Он устыдился того, как мало он знает английских и вообще иностранных слов, как, например, сказать «пусто»? Остановился, несколько раз глубоко вздохнул и, скрючив пальцы руки, словно передние лапы динозавров на польских марках и картинках, запрыгнул и пробежал сперва по одной из лавочек, потом вскочил на другую. В нетерпении все же свернул, срезая угол, и почти бегом метнулся по гравиевой дорожке к Дворцу культуры — туда, туда… Встретив на пути скамейку старого образца, все равно запрыгнул и на нее, потеряв равновесие, поскользнулся на округлых досках и полетел вниз…

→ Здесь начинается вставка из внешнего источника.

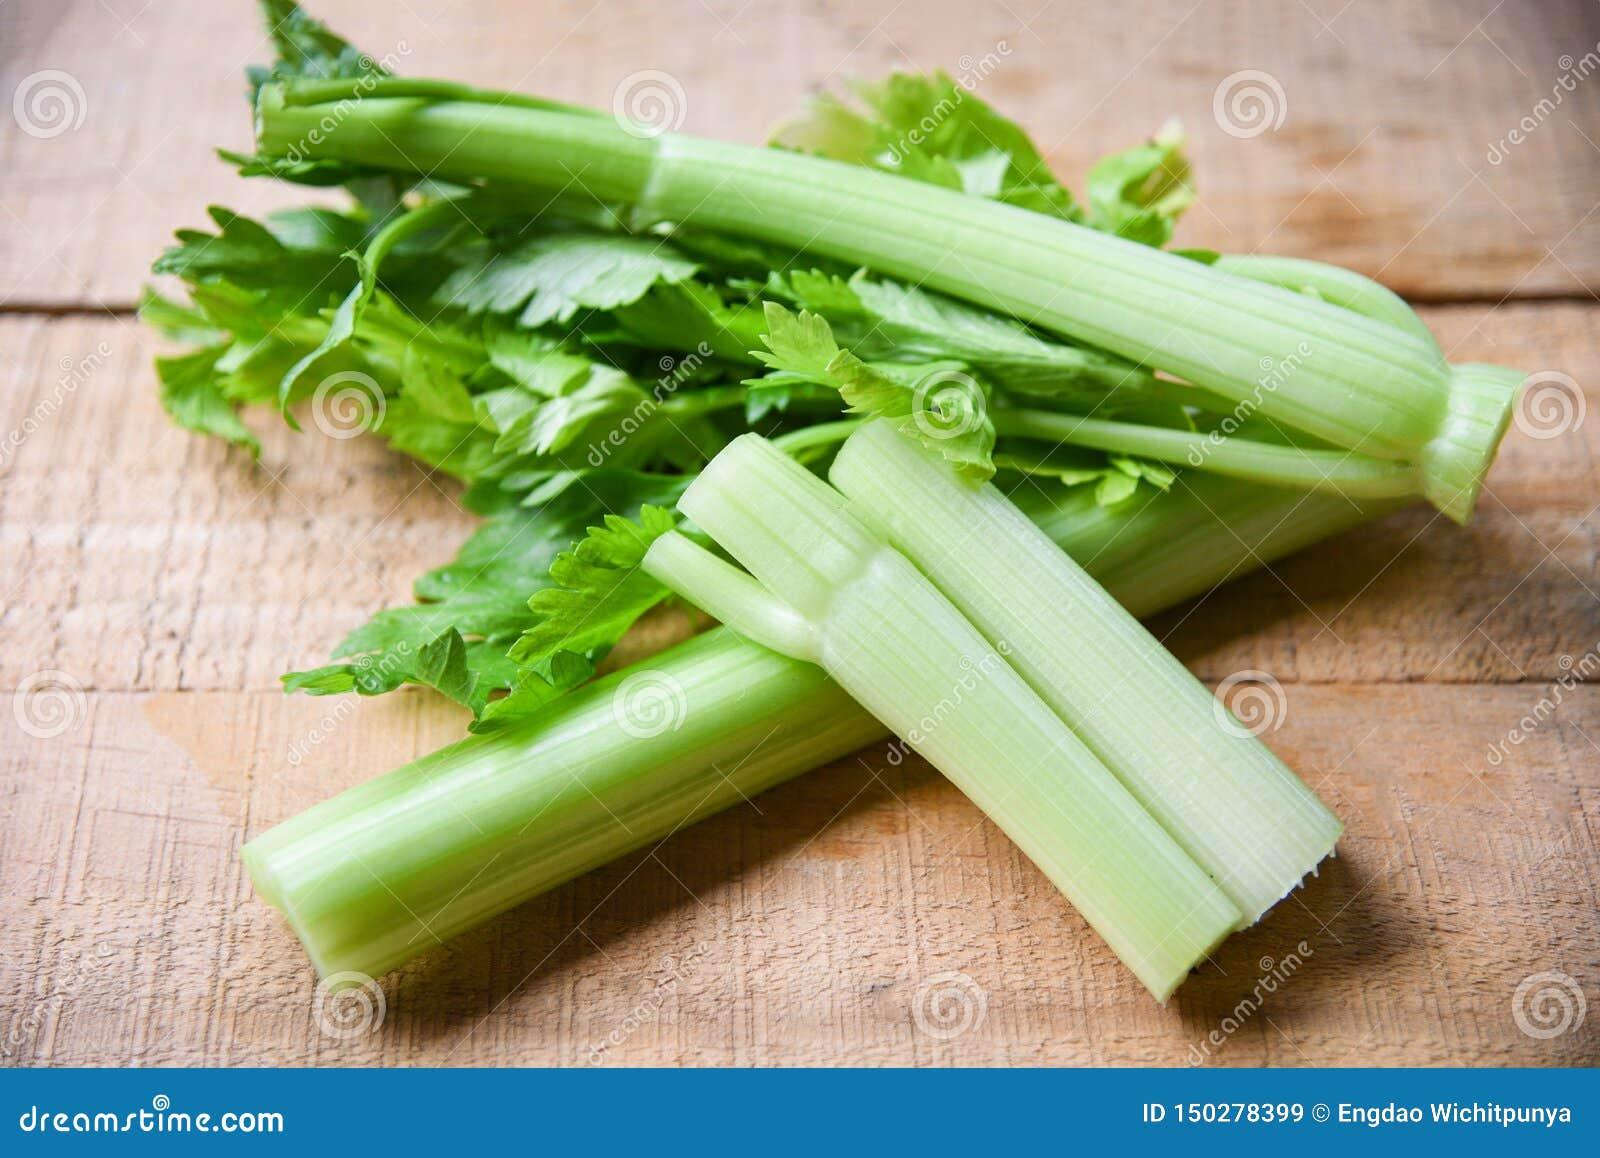 Celery sticks and leaf fresh vegetable - Bunch of celery stalk on wooden background

«Чуть не убился», — чужим, повзрослевшим голосом вырвалось из груди, откуда долгие томительные годы слышался лишь детский кашель, мешающий взрослым смотреть футбол и фигурное катание.

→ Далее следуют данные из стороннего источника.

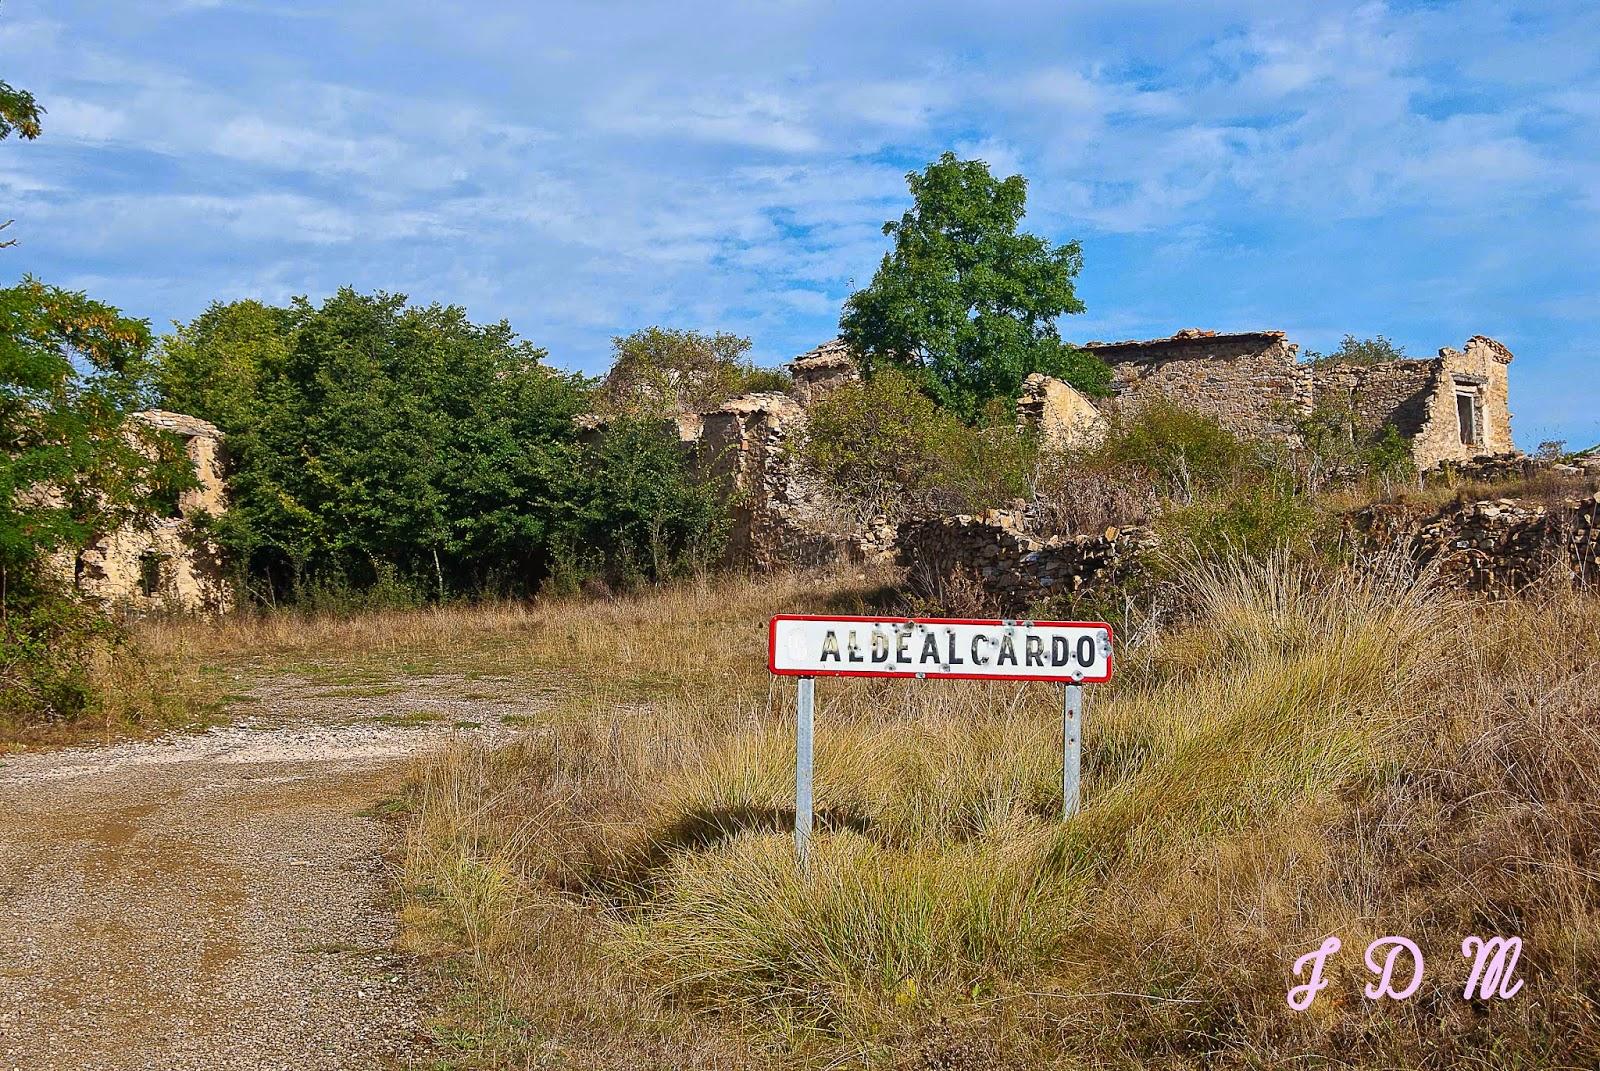 Pueblos abandonados de la provincia de Soria.: Aldealcardo

Он не ушибся, со злостью посмотрел на коротковатые со стрелками брючки. Но он забыл про осторожность — альбомчик валялся на гравии рядом с выгоревшей урной и уже оставленной кем-то бутылкой с наклейкой «Рожеве». Правда, ничего страшного не произошло, марки были засунуты в два-три ряда, и поэтому не разлетелись.
«Не разлетелись», — изумленно произнес он, сжимая поднятую с земли папку двумя руками, словно икону. Жар, в который его бросило после падения, остывал. Он заметил, что уже с минуту стоит и, позабыв обо всем на свете, читает, запоминая, одиннадцать латинских букв, размашисто намалеваных мелом по торцевой стене жилого дома. Двенадцатая буква была «наша». Буквы были разбиты на два слова, из которых ему было знакомо только одно — Black, черный. Второе он увидел впервые, и даже не знал, где поставить ударение — Sabbath.
… … … … … … … … … … … … … … … … … … … … … … … … … … … … … … … … … … … …
… … … … … … … … … … … … … … … … … … … … … … … … … … … … … … … … … … … …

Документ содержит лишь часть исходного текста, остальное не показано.